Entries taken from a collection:
§

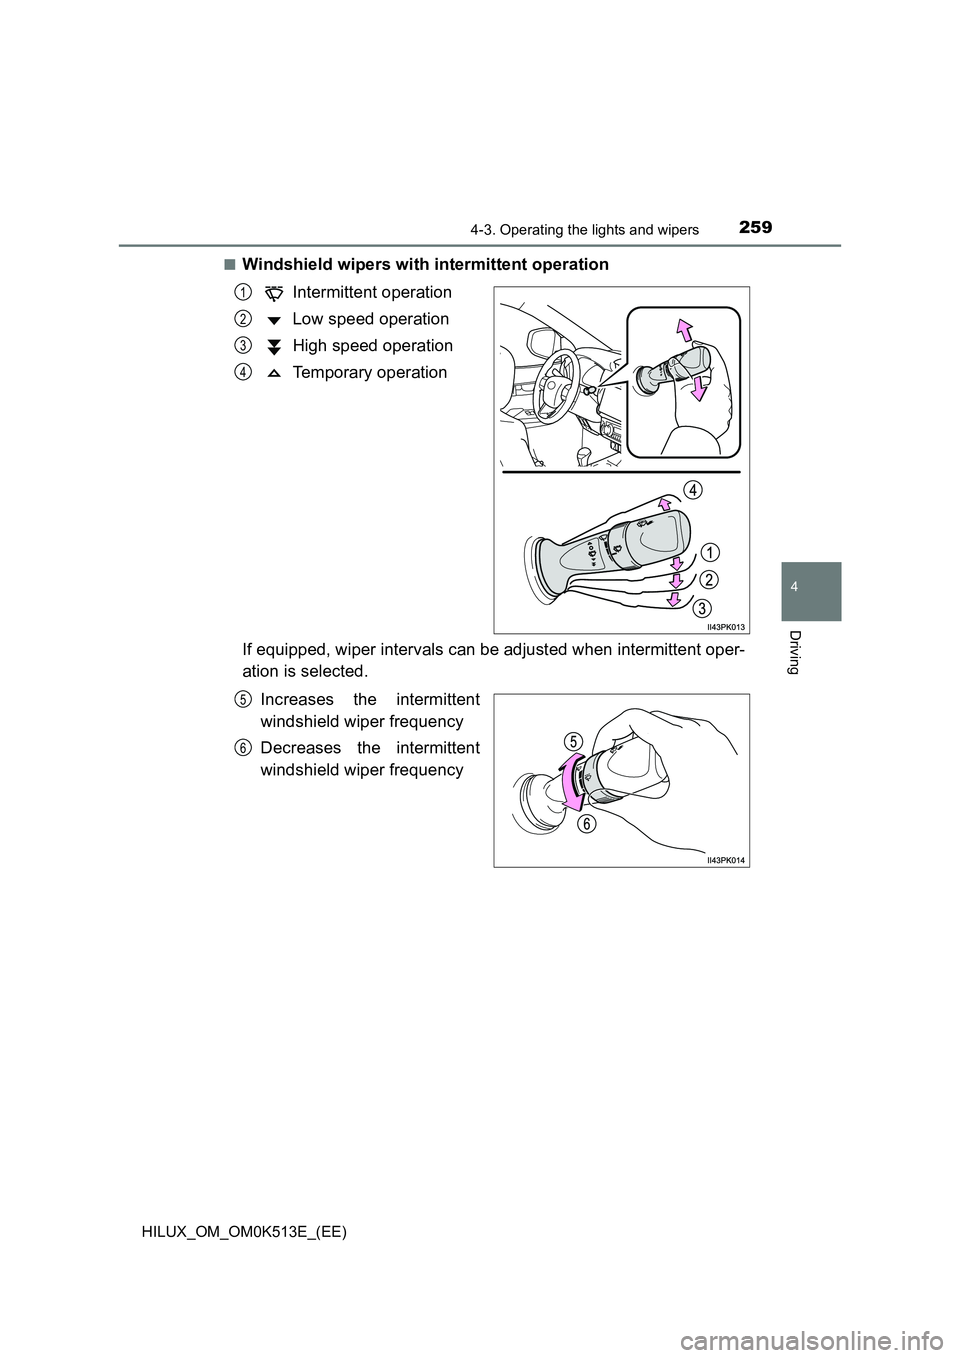 TOYOTA HILUX 2021  Owners Manual (in English) 2594-3. Operating the lights and wipers
4
Driving
HILUX_OM_OM0K513E_(EE) 
�QWindshield wipers with intermittent operation 
Intermittent operation 
Low speed operation 
High speed operation 
Temporary

§

### Exercise requirements
Lines from the one containing "HILUX_OM_OM0K513E_(EE)" through the last line of the records, restated word for word: that is the whole response.

### Response to this exercise
HILUX_OM_OM0K513E_(EE) 
�QWindshield wipers with intermittent operation 
Intermittent operation 
Low speed operation 
High speed operation 
Temporary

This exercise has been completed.